The man leading the public inquiry into the Edinburgh trams fiasco has told how key figures refused "point blank" to co-operate.

In a BBC Scotland interview, Lord Hardie pledged his investigation would be tough and effective.

The Scottish government said last month the inquiry was to be given the power to compel witnesses to participate.

First Minister Nicola Sturgeon took the decision after Lord Hardie reported he had encountered a lack of co-operation.

In his first broadcast interview since the start of the inquiry, Lord Hardie said: "Our preliminary investigations, contacting people who we thought might be of assistance, threw up the problem.

"Some people refused point blank to co-operate, others just didn't answer letters.

"It became clear to me that if that persisted then the whole process could be frustrated and certainly take a period of time that was unacceptable to me."

Asked if he was confident that all relevant paperwork had been retained, Lord Hardie said his team would be able to identify if key documents or emails were missing.

He said: "One of the functions of the system that we are procuring is that it will sort out the documents into various orders and it will be able to identify gaps, for instance in an email trail.

"We will learn from that if there are indeed gaps."

Work on the inquiry is already well under way but it is not yet known when the first public hearings will take place or who Lord Hardie will call to appear before him.

The inquiry team is based in Edinburgh's Waverley Gate building, the capital's former General Post Office.

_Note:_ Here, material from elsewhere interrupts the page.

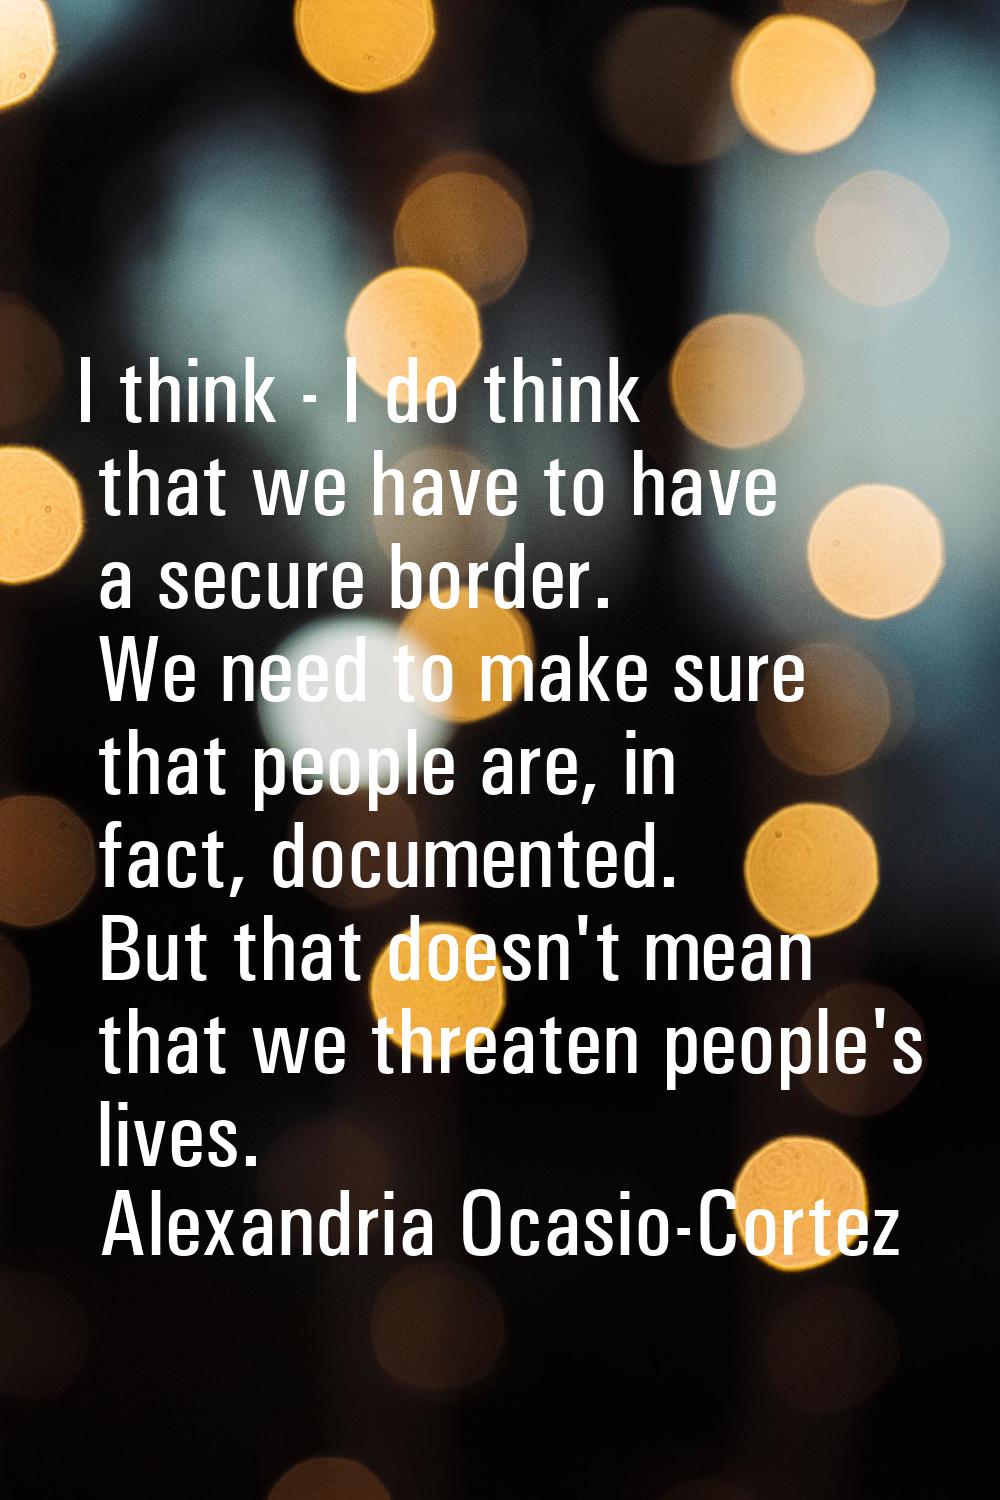 I think - I do think that we have to have a secure border. We need to make sure that people are, in
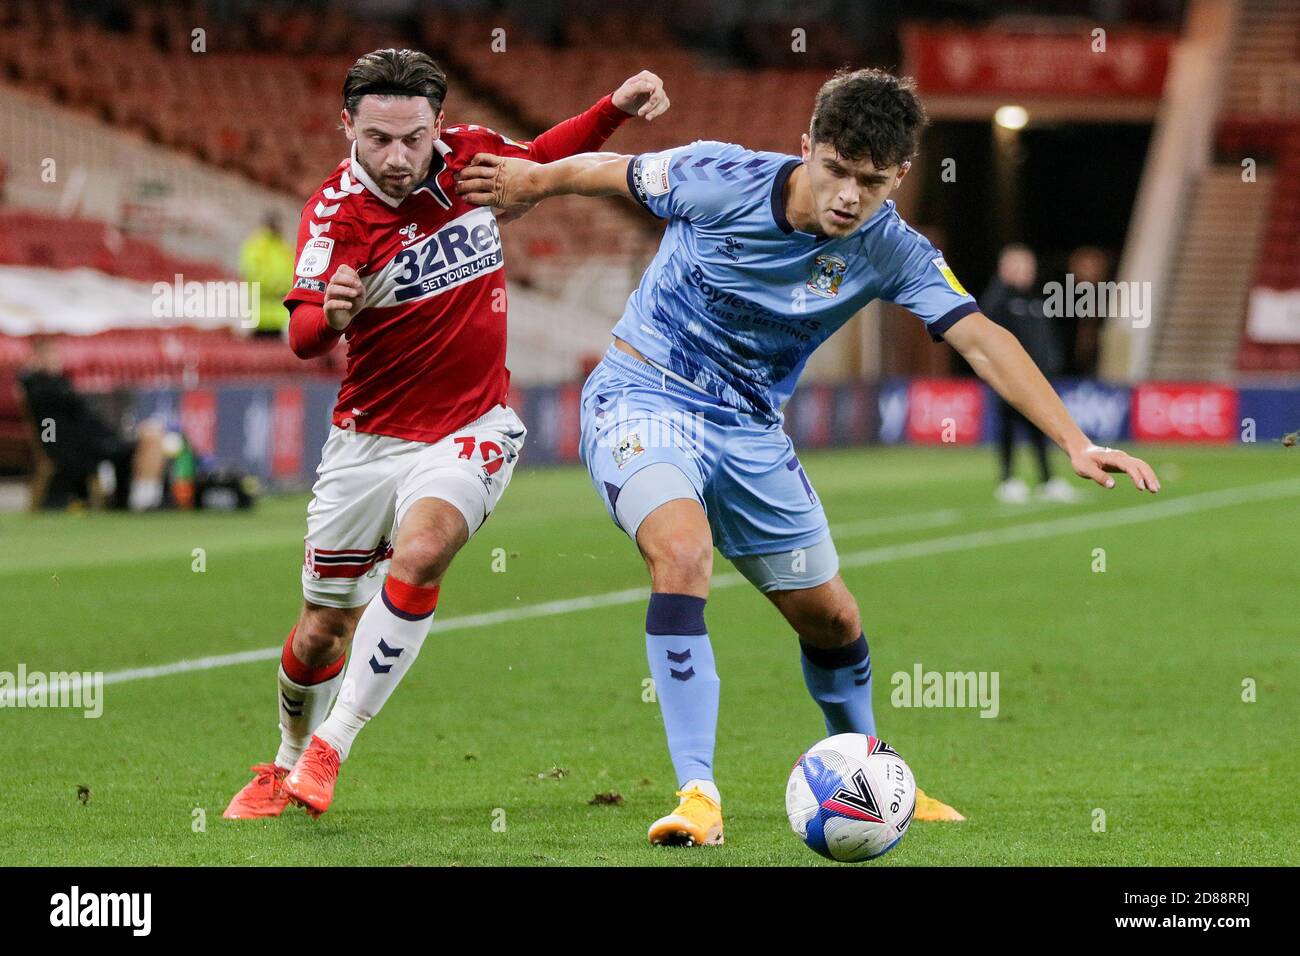 Ryan Giles of Coventry City and Patrick Roberts of Middlesbrough - Middlesbrough v Coventry City, Sky Bet Championship, Riverside Stadium, Middlesbrough, UK - 27th October 2020  Editorial Use Only - DataCo restrictions apply Stock Photo

Details of proceedings will be made available via the inquiry website.

Lord Hardie expects there will be strong public interest in the inquiry and has urged members of the public to play their part in helping to identify what went wrong.

He said: "There were consequences that I am aware of for householders, for shopkeepers, for developers not only along the route of the tram but along the diverted routes of traffic.

"I would put out a plea to them now to think about what they are going to say, to get together with like-minded people to present a joint submission to the inquiry at the appropriate time, which will be when we call for evidence.

"If lessons are learned, then the benefit of this inquiry will be that future public procurement contracts will be delivered on time, on budget and as promised."

Edinburgh's tram service began running in May, but only after six years of disruption and a bitter dispute between the city council and its contractor.

The previous Labour-led Scottish government originally earmarked £375m to pay for the tram network, which ended up costing £776m and began running years late.